# Merrick Puppy Plate.. Need info



## retrojukebox (Nov 11, 2010)

I need to know if these indgredients send any red flags, could someone help me? I am feeding 6 week old pups at this moment.
I have recently switched foods from Royal Canin (Medi-cal).
I'm looking to give these puppies the best possible food, however their stools have been different than the last litter's stools. I'm thinking the food has something to do with this. If it does, what is the next step? I'm not asking because I'm irresponsible or any such reasons. I just want to get as much information as I can. Because although I may be responsible and reputable, I still know I don't know everything!!
So, if you have any information on this food, based on whether it's good for puppies (really) or not, please post. I realise people have different views on breeding, so let's keep on topic of dog food please.

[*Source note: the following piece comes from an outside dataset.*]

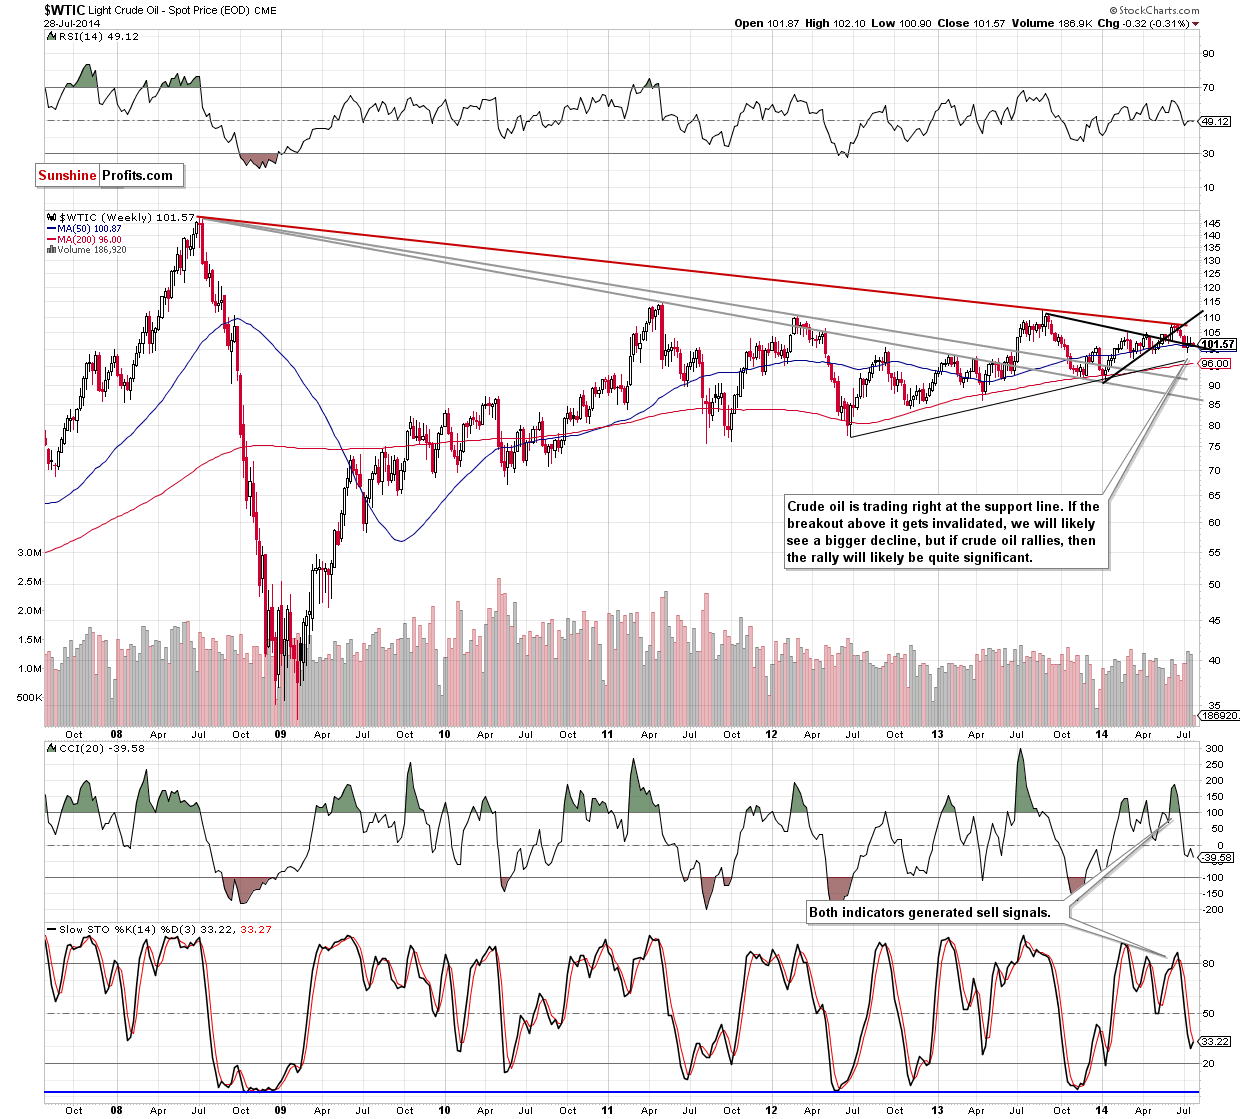 WTI Crude Oil weekly chart

*Merrick Puppy Plate Ingredients:*
_Chicken, Turkey Meal, Chicken Meal, Ground Rice, Oat Meal, Pearled Barley, Chicken Fat, Ground Whole Barley, Duck, Natural Flavor, Rice Bran, Yeast Culture, Dried Egg Product, Hydrolized Yeast, Salmon Oil, Calcium Carbonate, Dried Potato, Dried Carrot, Salt, Potassium Chloride, Dried Apple, Dried Peas, Dicalcium Phosphate, Alfalfa Nutrient Concentrate, Choline Chloride, Dried Blueberry, Dried Cranberry, Yucca Schnidigera Extract, Inulin, Egg Shell Meal, Ground Fennel, Dried Parsley, Dried Marigold, Rosemary Extract, Zinc Amino Acid Complex, Entrococcus Faecium, Lactobacillus Plantarum, Lactobacillus Casei, Iron Amino Acid Complex, Vitamin E Supplement, Manganese Amino Acid Complex, Vitamin A Supplement, Vitamin B12 Supplement, Copper Amino Acid Complex, d-Calcium Pantothenate, Riboflavin Supplement, Biotin, Ethylenediamine Bihydriodide, Pyridoxine Hydrochloride, Cobalt Proteinate, Folic Acid, Thiamine Mononitrate, Sodium Selenite, Cobalt Carbonate._

Help Greatly Appreciated.
:smile:


----------



## CorgiPaws (Mar 31, 2009)

As far as grain-inclusive puppy foods go, Merrick is a pretty good choice. 
That being said, depending on the breed, you skip puppy food altogether, so it may not be the best.


----------



## retrojukebox (Nov 11, 2010)

CorgiPaws said:


> As far as grain-inclusive puppy foods go, Merrick is a pretty good choice.
> That being said, depending on the breed, you skip puppy food altogether, so it may not be the best.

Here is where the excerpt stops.